In this section, we will discuss how to set up Angular for continuous polling and how to test the application locally before pushing it to Heroku.

Setting Up Angular for Continuous Polling

To set up Angular for continuous polling, we will use the Http module provided by Angular. Here are the steps to set up continuous polling using Angular:

1.

Open your Angular application’s component. 2.

Import the Http module using the following commands:

– import { Http } from ‘@angular/http’;

– import ‘rxjs/add/operator/map’;

3. Create a new function that sends an HTTP GET request to the back-end, retrieves the data, and returns the retrieved data.

4. Use the setInterval() method to call the above function at fixed intervals.

5. Display the retrieved data in the front-end using Angular.

With these steps, we can set up Angular for continuous polling of the back-end.

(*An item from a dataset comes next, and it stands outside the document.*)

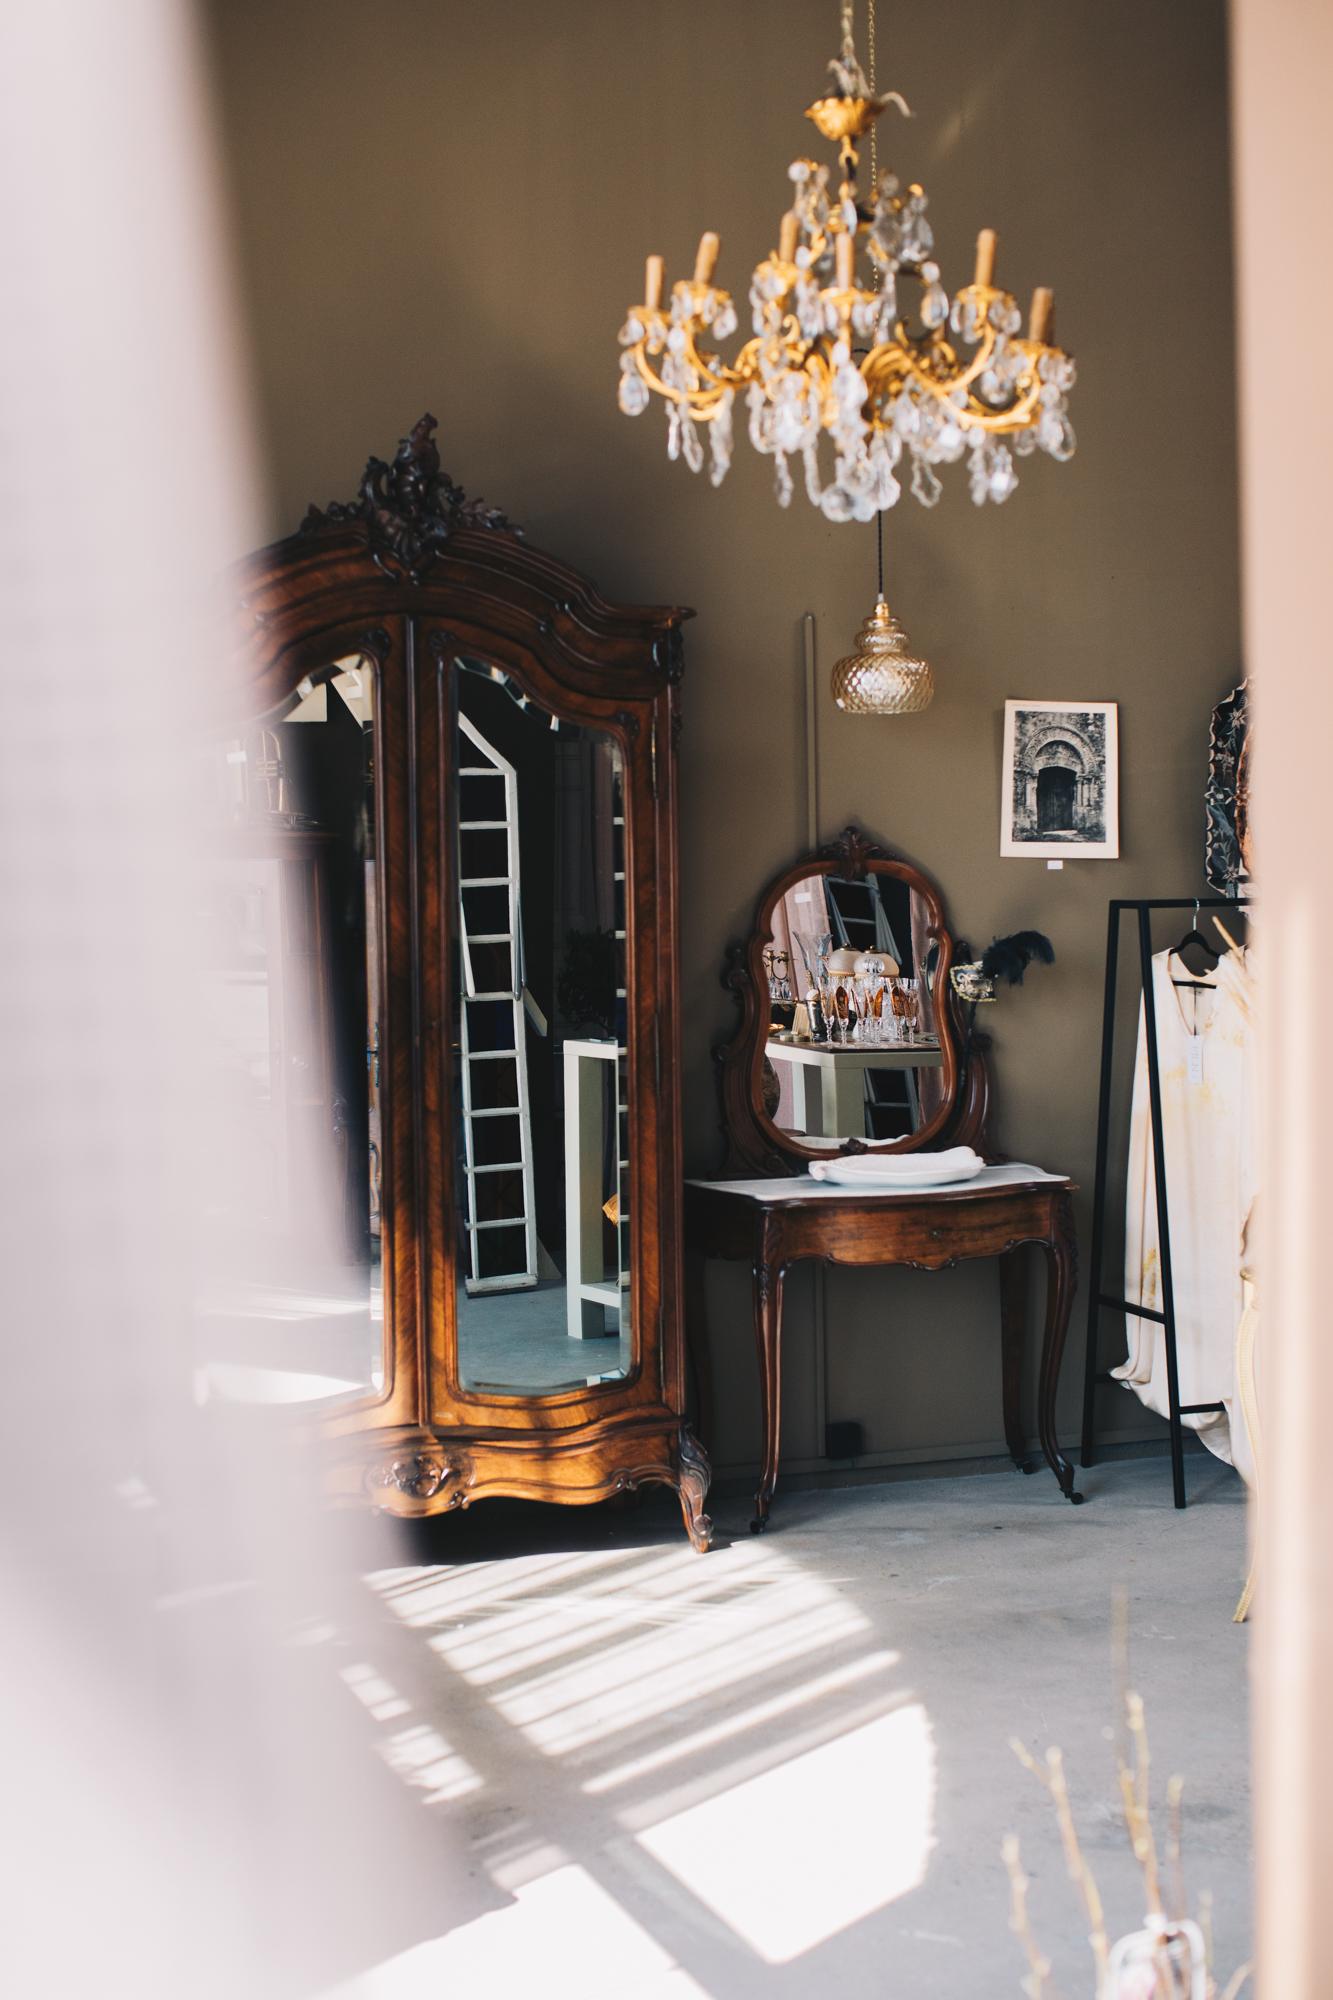 Artispelisse – återbruk av gamla franska skatter

Testing the Application Locally before Pushing to Heroku

Testing your application locally is essential before pushing it to production. Here are the steps to test your application locally:

1.

Start your Flask application on your local machine. 2.

Start your Angular application by running ‘ng serve’ on your local machine. 3.

Navigate to your Angular application in your web browser. 4.

Test the functionality of your application to ensure that it is working as intended. By following these steps, you can identify and fix any issues before pushing your application to Heroku.

Conclusion

In this article, we discussed how to set up Redis for task queue handling in a Flask application. We also discussed how to set up Angular for continuous polling and how to test your application locally before pushing it to Heroku.

By following these steps, you can build powerful web applications capable of handling background tasks, continuous data updating, and multiple requests.